Intuition & Definition
For sequential data, usually there are two approches:
- autoregressive models, which perform regression on themselves
- latent aotoregressive model, which introduced some summary infomation of the past. LSTM and GRU are examples of this.
While convolutinal neural network can porcess spatial infomation, RNN are designed to better handler sequential infomation. These network introduce hidden variables(or latent variable) to store past infomation, and then determine the current ouput, together with the current input.
Theory & Implementation
Follow notions are used in this post:
- $*$ refers to element-wise multiplication
- $T_x, T_y$: total timesteps of input X and Y
- $n_x, n_y$: dimenstion of $x_t, x_y$(X, and Y at timestep t) (input and output dimension)
- $n_a$: hidden state dimension
- m: batch size
- For every batch, dimensions of x and y are $[x_n, m, T_x], [y_n, m, T_y]$
- $[\frac{a^{<t-1>}}{x^{<t>}}]$ means stacking $a^{<t-1>}$ and $x^{<t>}$ along the axis of 0.
- For a batch, dimensions are:
- $x^{<t>}, a^{<t>}, \hat{y}^{<t>}$: $[n_x, m], [n_a, m], [n_y, m]$
Types of RNN
Normal Recurrent Neural Network
Problems:
- gradient exploding
- gradient vanishing
For a single RNN cell:
- $a^{<t>} =tanh(W_a a^{<t-1>}+W_{ax}x^{<t>} + b_a)=tanh([W_{aa}|W_{ax}][\frac{a^{<t-1>}}{x^{<t>}}] + b_a)$
- $\hat{y}_t = softmax(W_y a^{<t>} + b_y)$
Number of paramters is the summation of the follow:
- $(n_a+n_x)*n_a + n_a$
- $n_a * n_y + n_y$`
Gated Recurrent Unit(GRU)
The key distinction between regular RNN and GRU is that the latter support gatting of the hidden states.
- Reset gate controls how much of the previous state we might still want to remember. It controls the shor-term skip.
- Update gate how much of the new hidden state is just a copy of the old state. It controls the long-term dependency.

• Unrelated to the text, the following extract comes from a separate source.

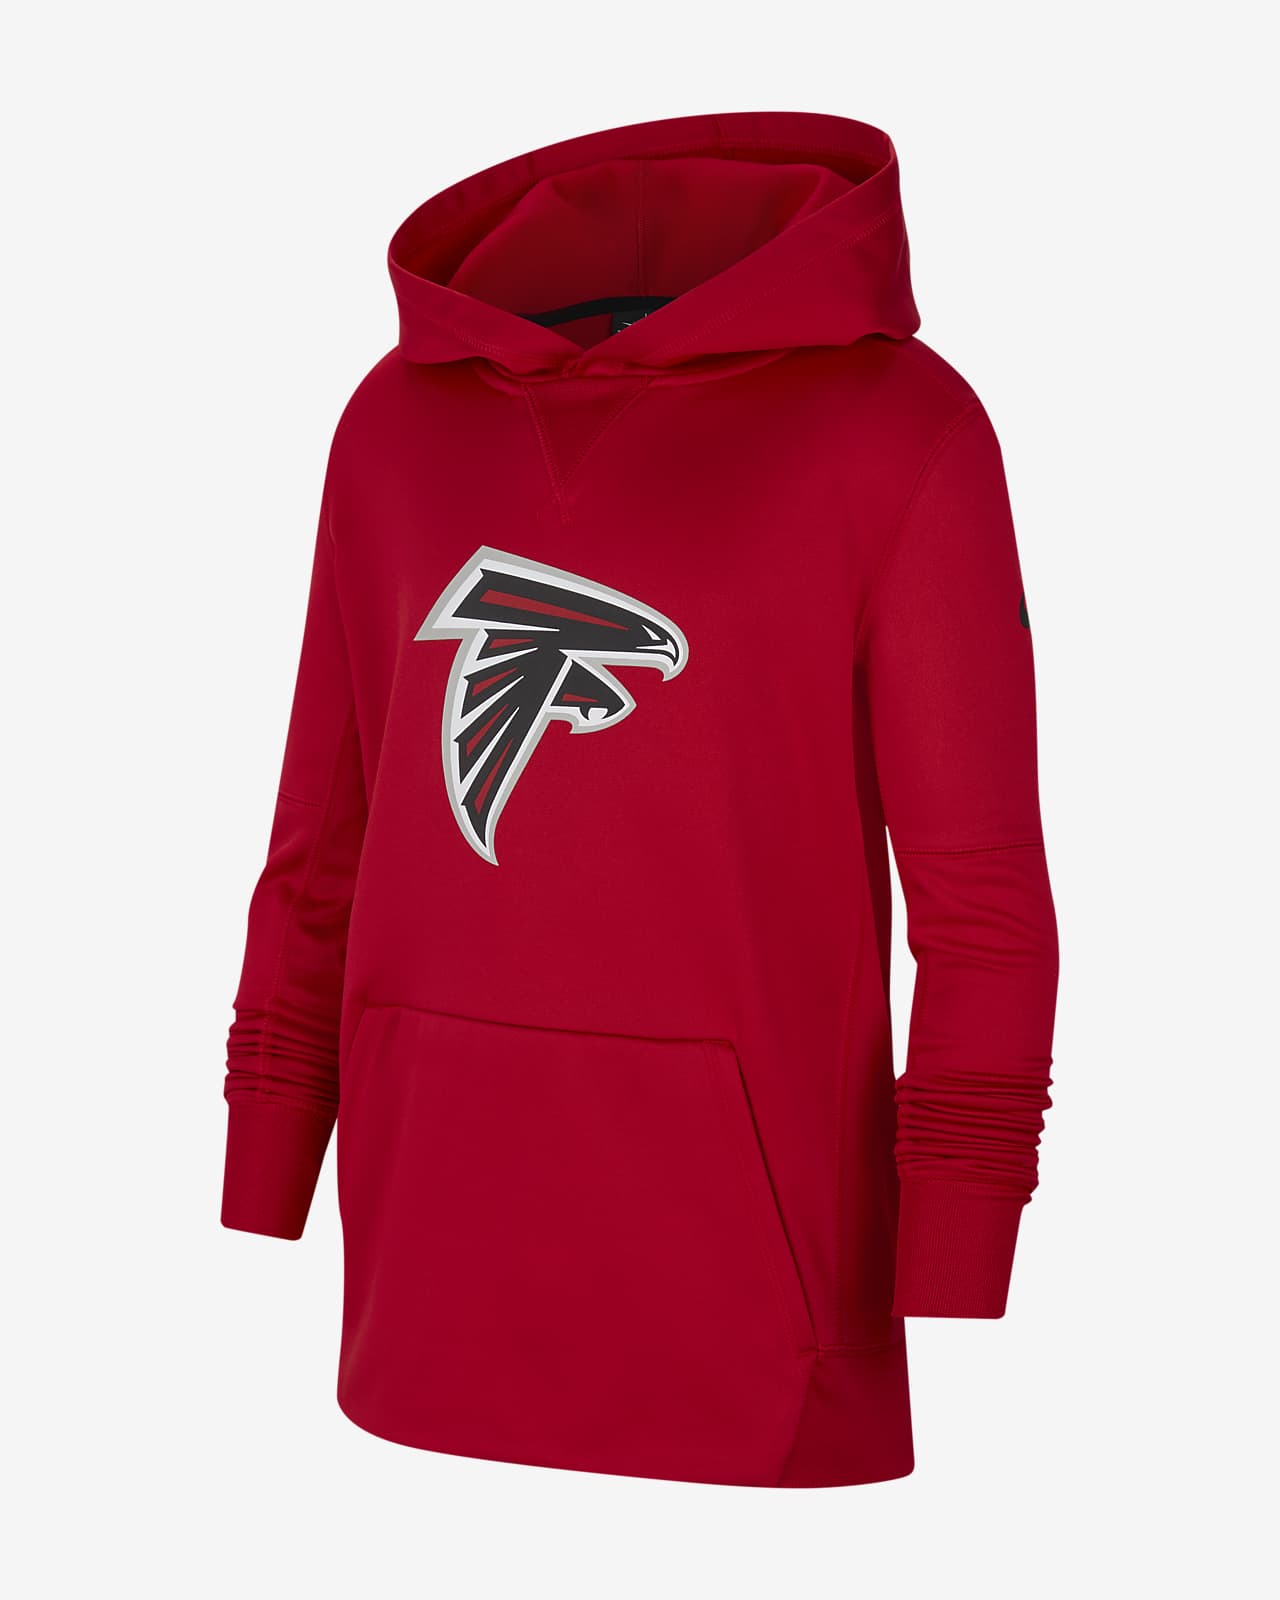 Nike (NFL Falcons) Big Kids' Logo Hoodie

- Reset gate: $R_t=sigmoid(W_r[\frac{h^{<t-1>}}{x_t}]+b_r)$
- Update gate: $Z_t=sigmoid(W_z[\frac{h^{<t-1>}}{x_t}]+b_u)$
- Candidate hidden state: $\tilde{h^{<t>}}=tanh(R_t * h^{<t-1>})$
- Hidden state: $h^{<t>} = Z_t * h^{<t>} + (1-Z_t) * \tilde{h^{<t>}}$
- Output layer: $\hat{y}_t = softmax(W_y a^{<t>} + b_y)$
Compare to LSTM
- two gates for GRU, no output gate
- less paramters, more efficient to compute,easier to converge
LSTM
In order to address the long-term information preservation and shor-term skipping in latent variable model, we introduced LSTM. In LSTM, we introduce the memory cell that has the same shape as the hidden state, which is actually a fancy version of a hidden state, engineered to record additional information.
For a single LSTM cell:
- Forget gate (how much of the new cell memory is just the copy of the previous cel memory): $F_t=sigmoid(W_f[\frac{h^{<t-1>}}{x_t}]+b_f)$
- Input gate (how much new information we want to use): $I_i=sigmoid(W_i[\frac{h^{<t-1>}}{x_t}]+b_i)$
- Output gate: $O_i=sigmoid(W_o[\frac{h^{<t-1>}}{x_t}]+b_o)$
- Candidate memory: $\tilde{c}=tanh(W_c[\frac{h^{<t-1>}}{x_t}]+b_c)$
- Memory: $c^{<t>}=U_i*\tilde{c} + F_i*c^{<t-1>}$
- Hidden state: $h^{<t>}=O_i* tanh(c^{<t>})$
- Output layer: $\hat{y}_t = softmax(W_y h{<t>} + b_y)$
Number of paramters is the summation of the follow:
- $(n_a+n_x)*n_a + n_a)4$
- $n_a * n_y + n_y$
Bidirectional RNN
Compared other RNN, Bidrectiional RNN adds a hidden to pass information in a backward direction. The key feature of Bidirectional rnn is that it will use information from both ends of the sentences, which is also a constraint when applying Bidirectional RNN. There is another shortcut that the gradient may have long dependency chain.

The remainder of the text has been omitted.